There are three angles to this I see from the question and the comments so far:
1. Can you verify that you have a complete set of data for a party Alice?
Short answer: No. Imagine a topology where Alice is hosted on two nodes P1 and P2, and your ledger is running on an infrastructure in which a fork is possible. If you have a network partition separating P1 and P2 and there is a fork, P1 and P2 have no mutual knowledge of what’s going on on the other side and the term “complete set of data for a party Alice” loses meaning.
Less drastically, the Partitioned Ledger Topology allows for partitioned ledgers without forking. In that scenario it’s possible to have to participants P1 and P2 both hosting Alice, but part of different sets of partitions. A single participant does not have enough information to ascertain whether its data for Alice is complete. It can only ensure it’s complete for the partitions it’s a member of.
So: The best you can ask for is that you can verify completeness of Alice’s data on the partition/fork that a given participant is a member of.
2. Can I verify that a Participant is giving me a complete set of data for the partition/fork it belongs to?
The best you can hope for is that you can verify completeness up to a point as due to whatever delays or latencies you may not have caught up to the latest yet. But even a point is imprecise. DAML Ledgers are not linearly ordered, they only enforce causality ordering. There’s a PR open documenting this in great detail.
Furthermore, a single Party (and this a single Participant) only has partial knowledge of the Ledger. Eg if Alice and Bob alternately create Foo
contracts which only the creator is a stakeholder on, Alice doesn’t have any knowledge of Bob’s activity and vice versa.
In the same vein, if Alice, Bob and Charlie keep moving an IOU issued by Doris around in a circle, each single party only sees disconnected inward and outward transfers. They can’t correlate the events. If you add the whole partitioning topic, you can imagine this sequence:
- Alice on P1 sends to Bob on P2
- Bob on P2 sends to Charlie on P3
- Charlie on P3 sends to Alice on P4 (on a different partition)
- Alice on P4 sends to Bob on P2
- Bob on P2 sends to Alice on P1
What does Alice on P1 see? Just an outward transfer to Bob and an inward transfer from Bob. P1 has no information about the fact that any Iou passed though Alice on P4.
What the DAML Ledger model does allow you to verify is that given an event/action, you can verify that the subgraph that led up to that event/action is valid, which includes a degree of completeness. Ie Alice on P1 in the above can verify that because both Doris and Bob gave appropriate authority the outward and inward transfers are valid and there is no information missing that Alice is entitled to.
This kind of verification is enabled by the TransactionService in tree mode.
3. Can my client application check that it didn’t miss a transaction that the Participant does know?

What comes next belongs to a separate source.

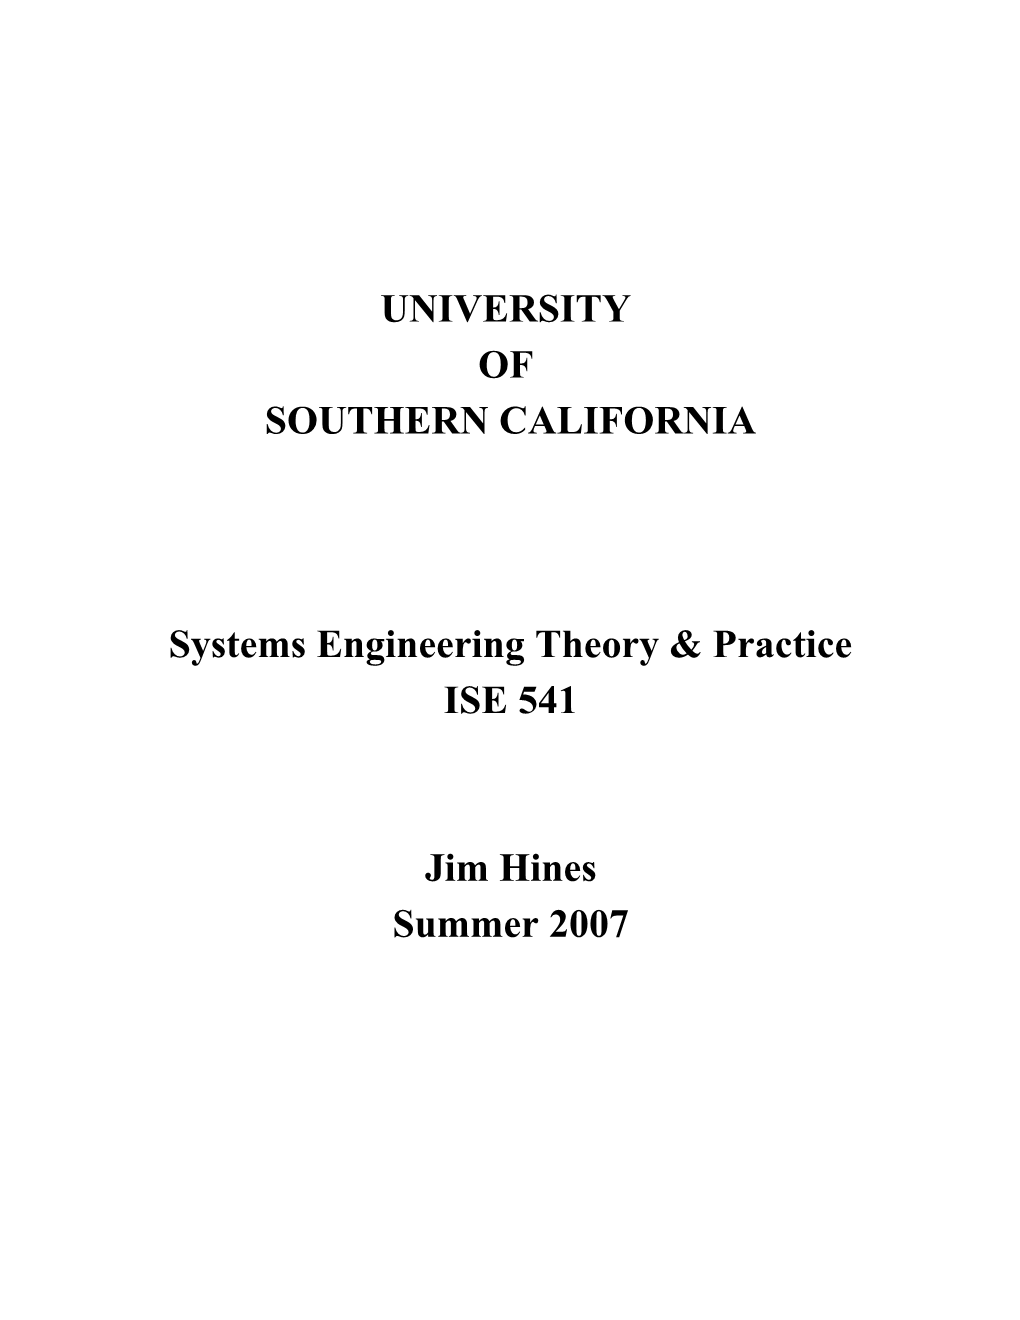 Systems Engineering Theory & Practice

The scenario here would be that a client application subscribes to the transaction service, and crashes a offset 7. It restarts, re-subscribes, gets transactions from offset 17 and misses information in between.
Rather than going for verification, the idea of the DAML Ledger API is that the client keeps track of the last offset it has seen. Ie after completing the processing of the transaction at offset 7, it should write 7 to it’s own persistence. If it now crashes, it knows to resubscribe from 7.
Clients without persistence need to be able to restart from current state. Ie they need to subscribe to the Active Contract Service first, which gives the offset at which that contract set was valid. Then the client subscribes from that offset.
The Ledger API gives the guarantee that the data returned in those usages is complete. As @stefanobaghino-da said, that’s something you need to trust.
Technically we could emit some hashes, to make it look fancy, but it wouldn’t add any guarantees. Eg imagine we kept a table which for each Party and offset kept a hash #(Party, Offset) in such a way that if for Alice offset 11 follows offset 7, the #(Alice, 11) is the hash of [#(Alice, 7), 11]. The client app could now “verify” that the hashes all match nicely, but since they are Participant generated, you are still just trusting the participant to do its job.